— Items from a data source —

□ □ □

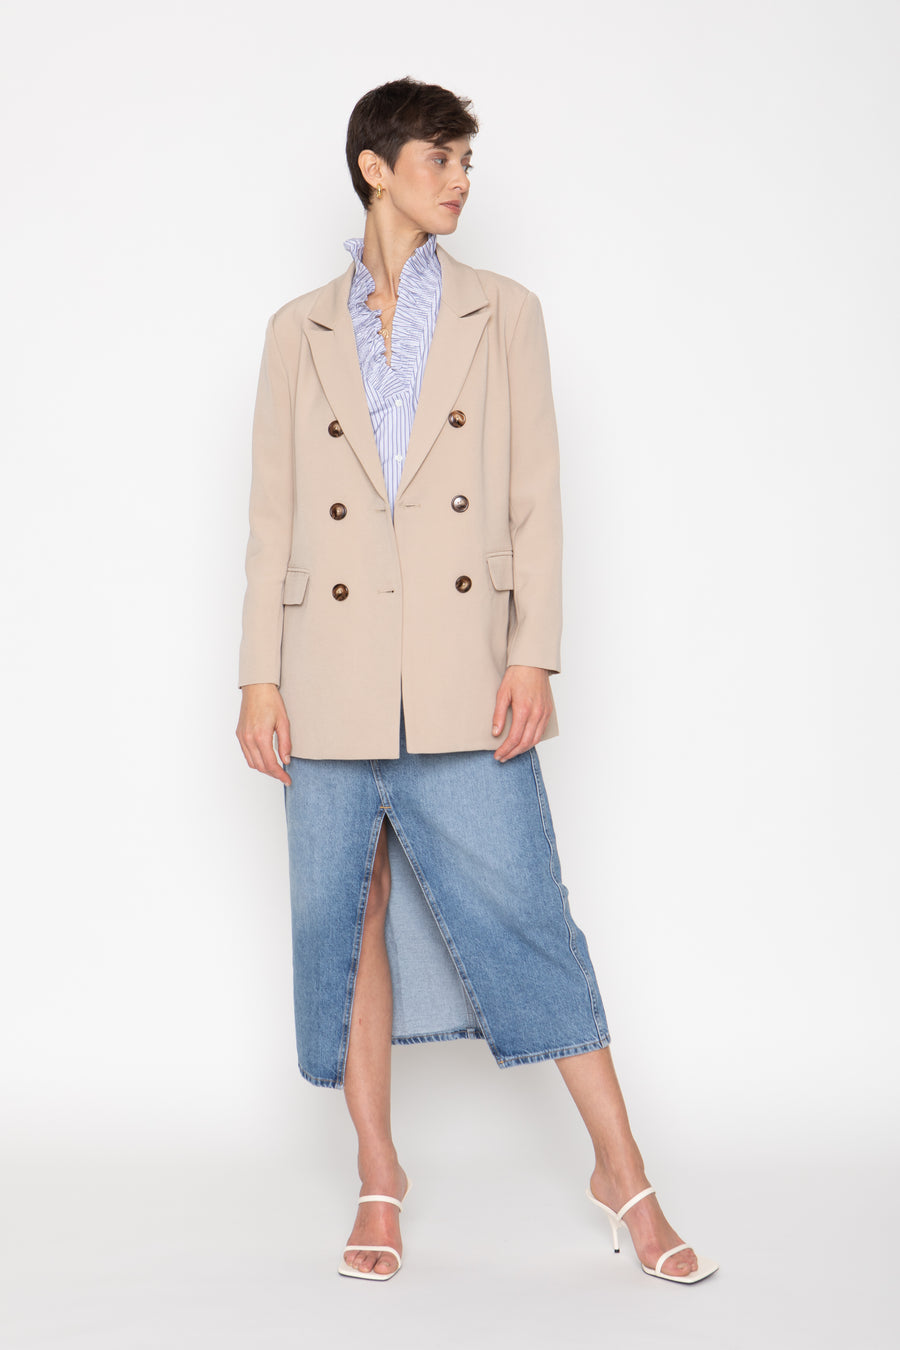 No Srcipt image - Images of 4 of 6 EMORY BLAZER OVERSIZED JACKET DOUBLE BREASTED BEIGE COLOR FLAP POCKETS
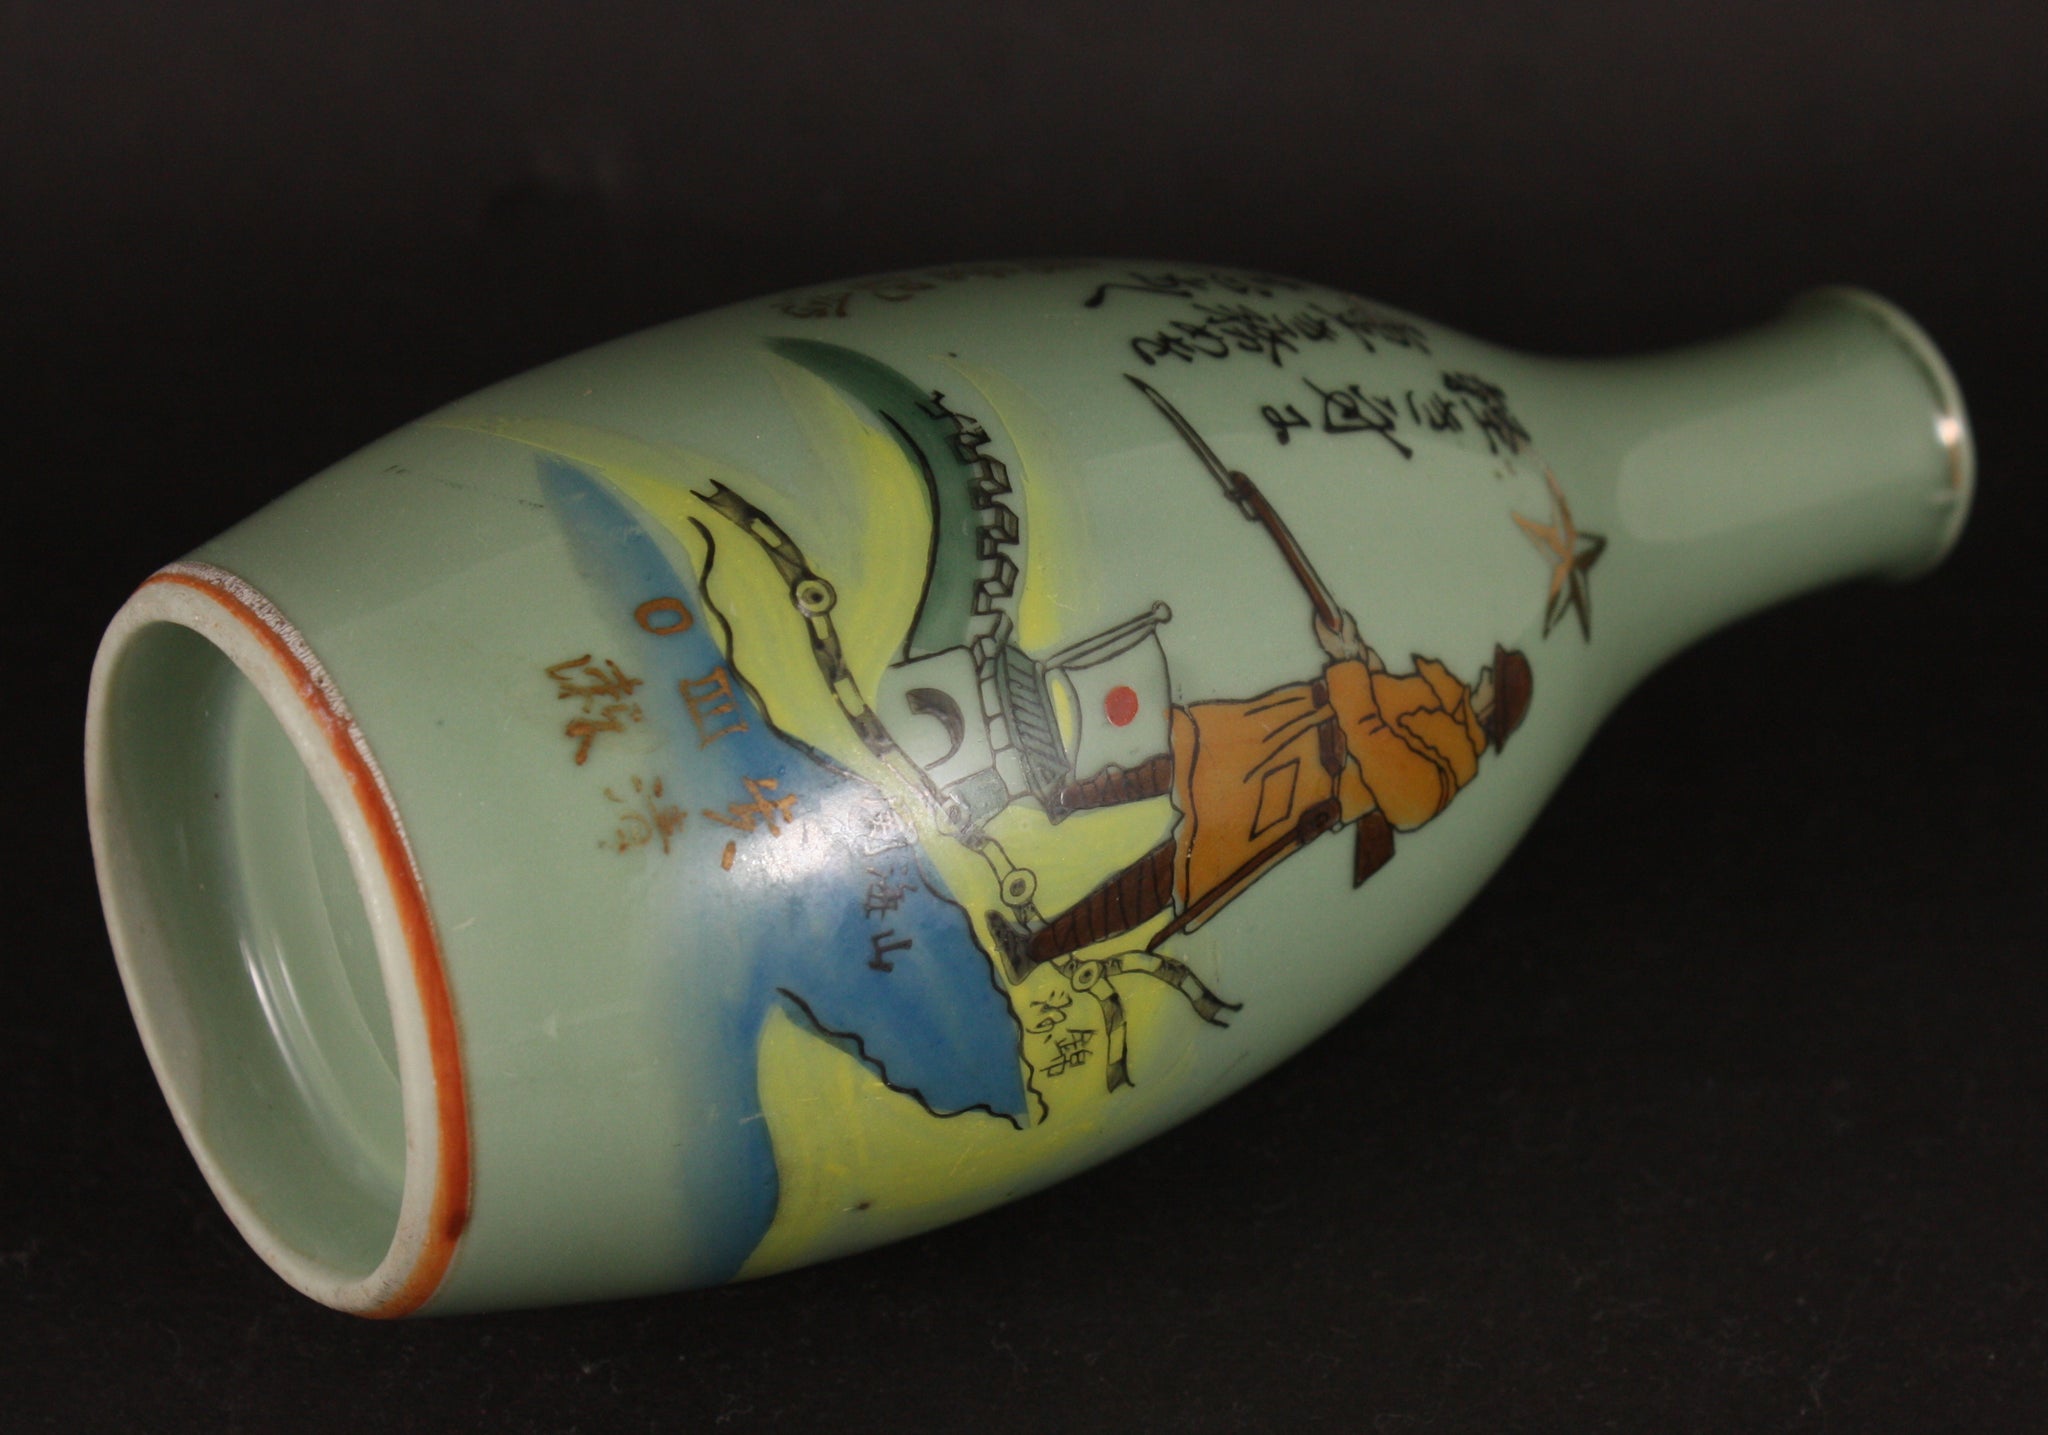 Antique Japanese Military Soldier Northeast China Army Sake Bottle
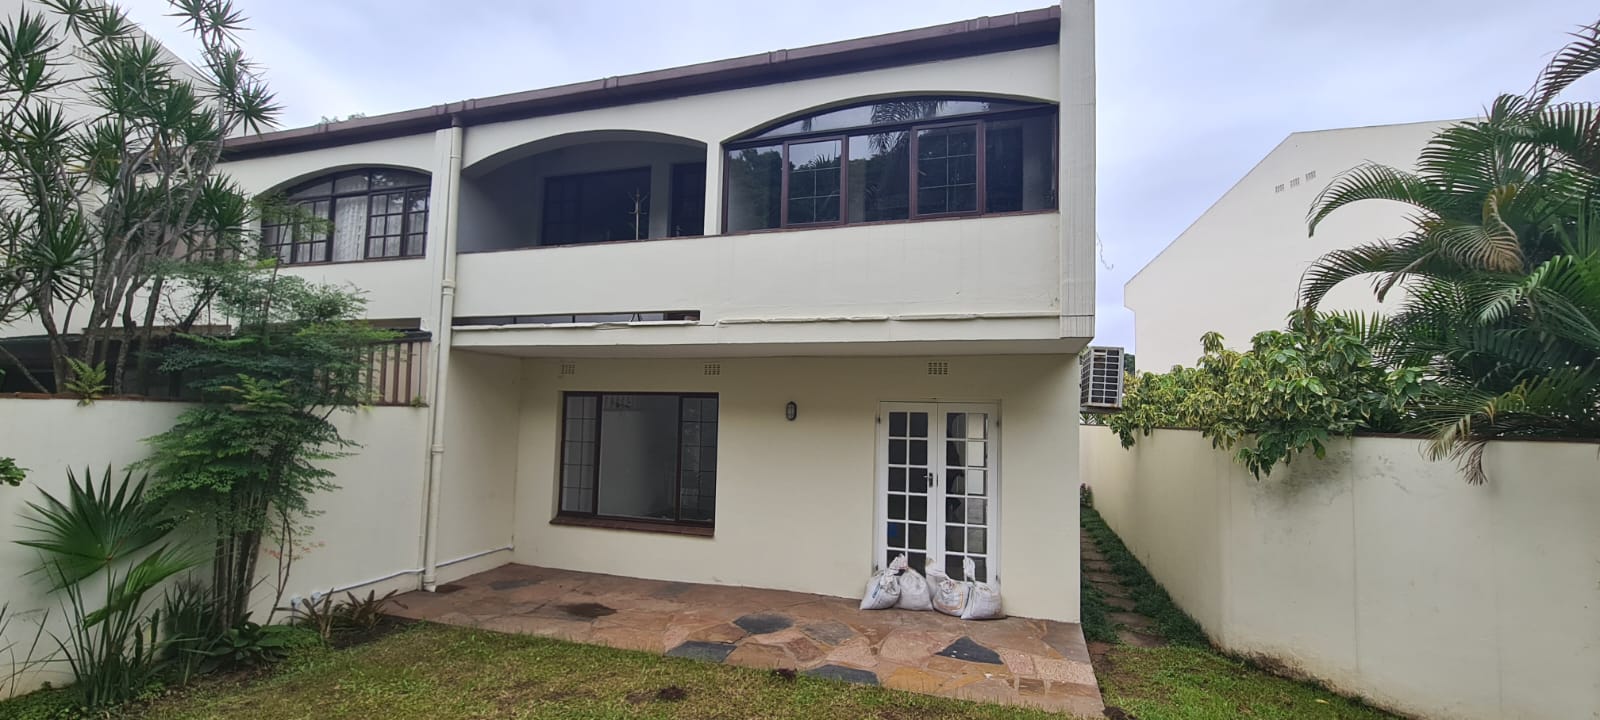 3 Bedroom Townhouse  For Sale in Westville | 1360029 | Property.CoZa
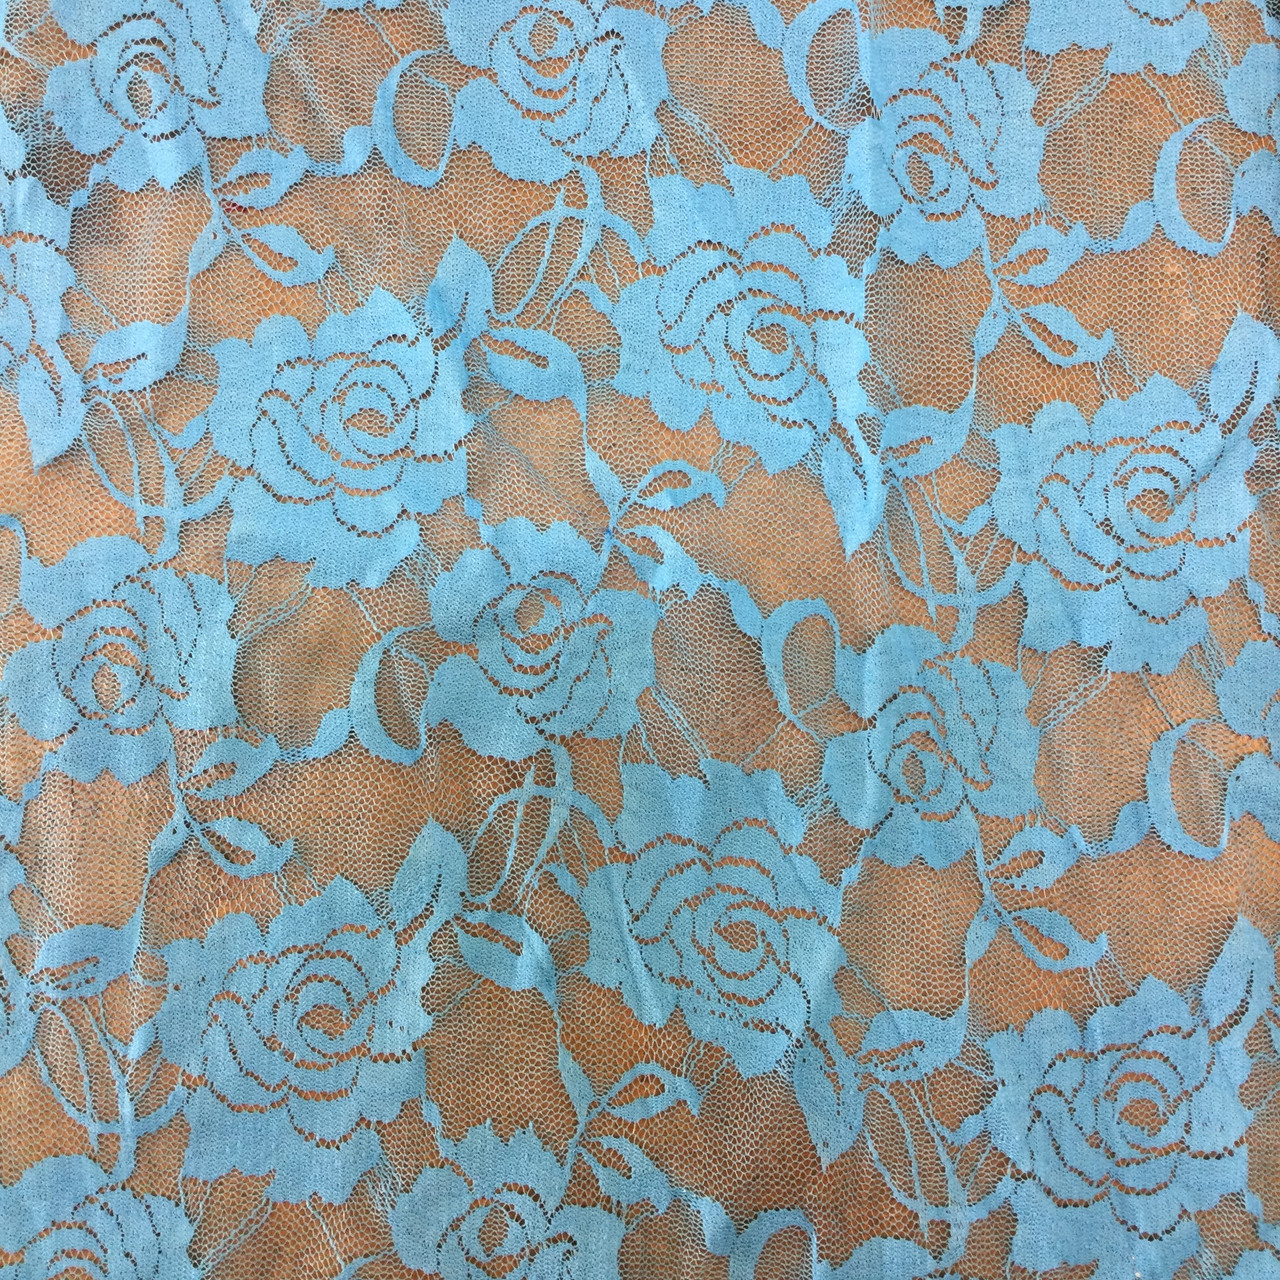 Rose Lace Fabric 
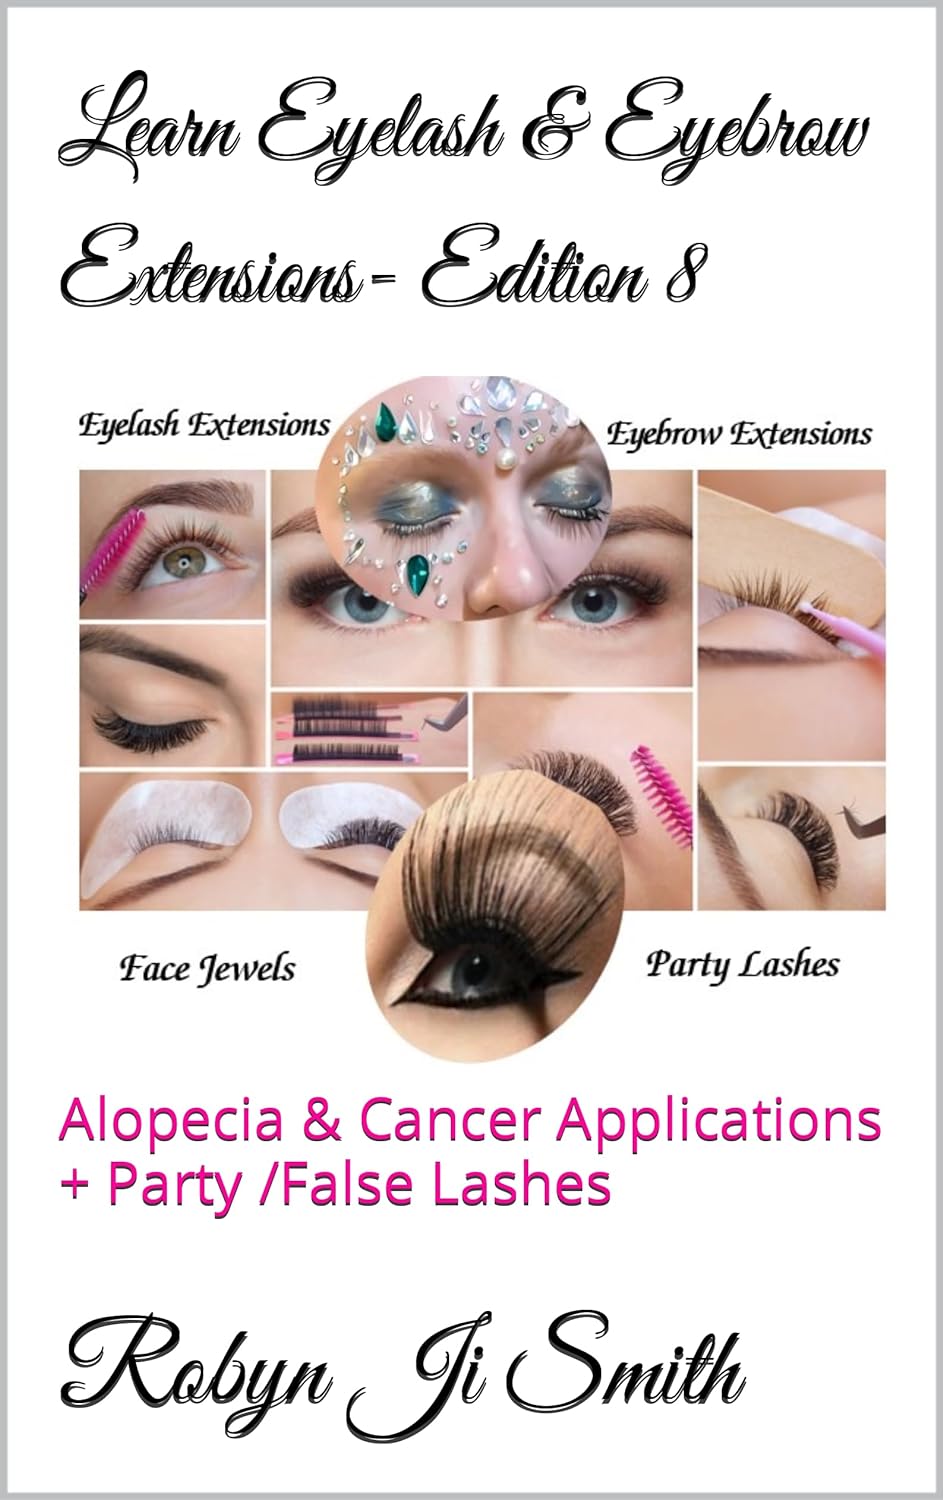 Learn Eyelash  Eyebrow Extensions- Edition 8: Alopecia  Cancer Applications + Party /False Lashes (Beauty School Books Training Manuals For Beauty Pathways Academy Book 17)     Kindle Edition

□ □ □

— Task —
Exactly restate the lines from the beginning of the data through the line with "Rose Lace Fabric", and no others, keeping pictures out.

— Final answer —
 No Srcipt image - Images of 4 of 6 EMORY BLAZER OVERSIZED JACKET DOUBLE BREASTED BEIGE COLOR FLAP POCKETS
 Antique Japanese Military Soldier Northeast China Army Sake Bottle
 3 Bedroom Townhouse  For Sale in Westville | 1360029 | Property.CoZa
 Rose Lace Fabric 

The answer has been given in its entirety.